"Esra'nın Ersin'den sonra Erdal'la birlikte olduğunu polis muhabirlerine kim anlatmıştı? Veya polislere? Erdinç insanların özel yaşantılarının polisin eline düşmesi karşısında dehşete kapılırdı. İnsan bedeninin 'suç sayılan eylemleri'nin vb. polise düşmesinden çok daha ızdırap verici çok daha gayrı insaniydi insanın sadece kendini ilgilendirdiğini düşündüğü hayat ayrıntılarının kesitlerinin sorgu odalarında işkencehanelerde hücrelerde uluorta ellenmesi zedelenmesi. Ya da polis muhabirlerinin daktilolarına sokulup uçlarında uğursuz harfler taşıyan ince metal çubuklarla dövülmesi."

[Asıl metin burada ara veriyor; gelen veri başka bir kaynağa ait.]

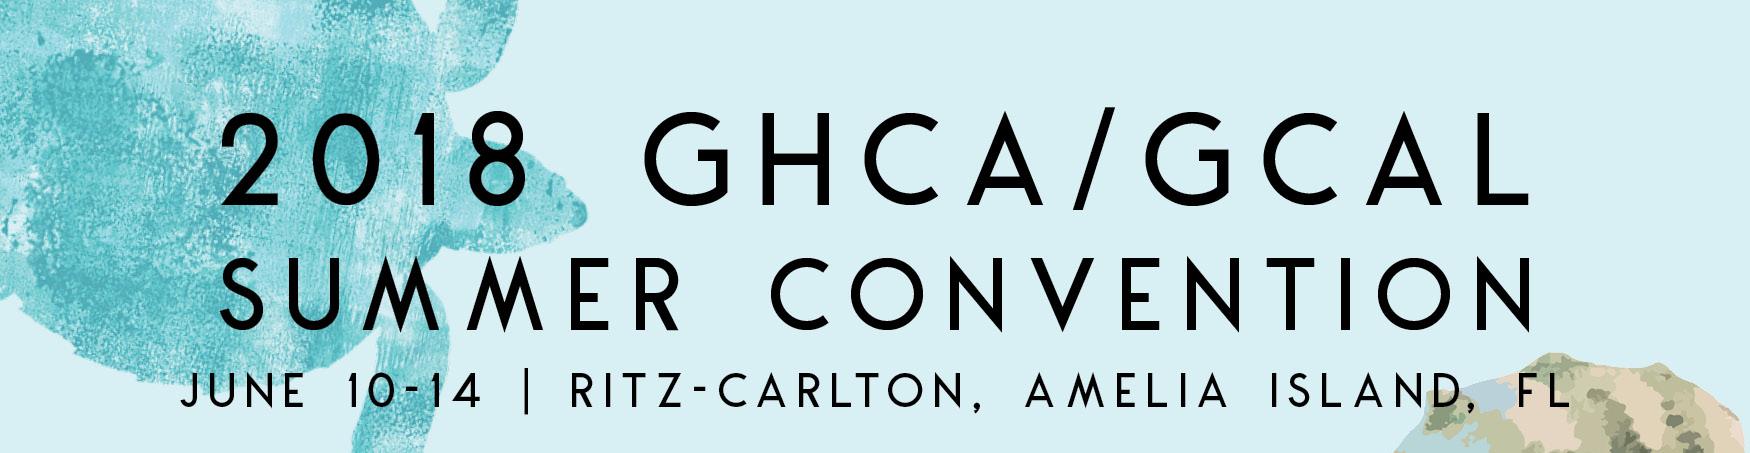 2018 GHCA/GCAL Summer Convention

Türkçe edebiyatta siyasî polisiyenin parlak örneklerinden biriyle karşı karşıyayız. Dahası yeni gelişen bu türün öncü örneklerinden biriyle.
Polisiye entrikanın berisinde bir kuşağın geçmişiyle ve kendisiyle hesaplaşmasının gerilimi var Bekle Dedim Gölgeye'de. Arkadaşlık ahlâk ve sadakatle ilgili iktidar tutkusuyla ilgili her kuşağın yeniden keşfetmesi gereken veya belki her kuşakta yeniden yitirilen değerlerle hesaplaşma var. Bir cinayetin arkasındaki muammanın ürpertisi insanın hayatındaki anlamı kaybetme endişesinin ürpertisiyle katlanıyor. Aynı zamanda herhangi bir anlamla arasında köprü olan aşkın ürpertisiyle.
Nasıl oluyor da Titanic sapasağlam dururken koca koca buzdağları birer birer batıyor?
"İyi polisiye iyi edebiyattır" sözüne birinci dereceden delil sunan bir "siyasi-polisiye" roman.